Abstract

Fmoc-protected β-aminoethane sulfonylchlorides can be employed for efficient automated solid phase synthesis of β-peptidosulfonamides and β-peptidosulfonamide/β-peptide hybrids containing one or more β-peptidosulfonamide residues. Thus, Fmoc-protected β-aminoethane sulfonylchlorides 5a–c led to the hexa-β-peptidosulfonamide 9 and the nona-β-peptidosulfonamide 10. In addition, the β-peptidosulfonamide/β-peptide hybrids 13 and 16, consisting of six and nine β-residues, respectively, and containing a single β-peptidosulfonamide unit in the middle, as well as the peptidosulfonamide/β-peptide hybrid 15 with nine β-residues, including an N-terminal β-peptidosulfonamide residue, were synthesized by automated solid-phase synthesis.
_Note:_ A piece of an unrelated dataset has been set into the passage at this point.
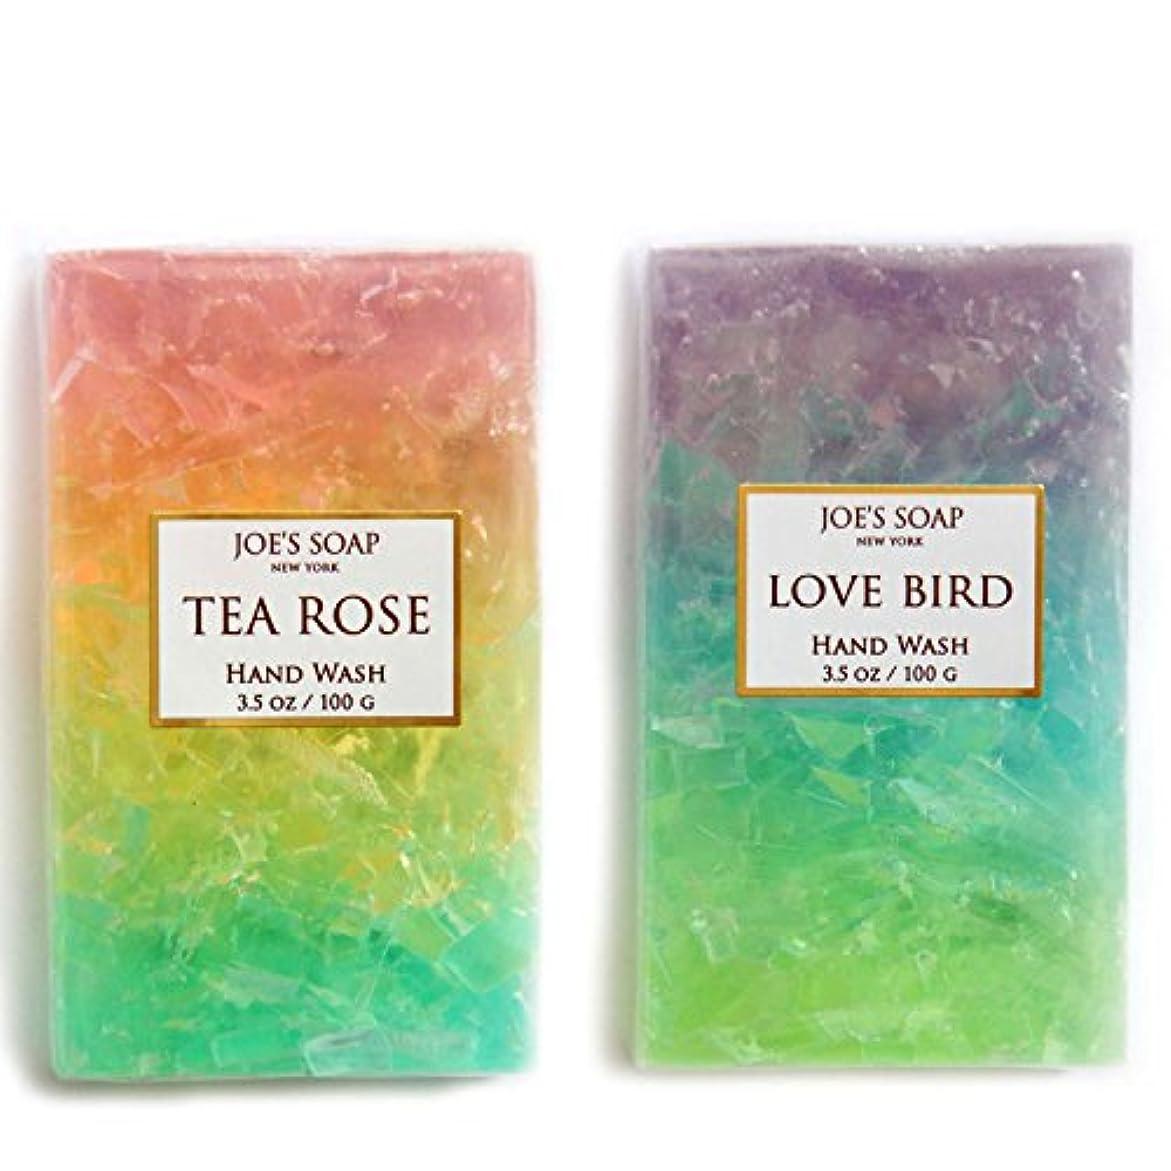 盲目保持カウンタJOE'S SOAP ジョーズソープ グラスソープ 石鹸 100g(TEA ROSE、LOVE BIRD、2個セット)

Both CD and NMR spectroscopic measurements did not indicate any helical secondary structure for 9 and 10. As was shown by CD-measurements, the β-peptidosulfonamide residue in the hybrids 13, 15, and 16 acts as a ‘helix breaker', especially when located in the middle of the hybrid chain (13 and 16), but, although to a lesser extent, also at the N-terminus.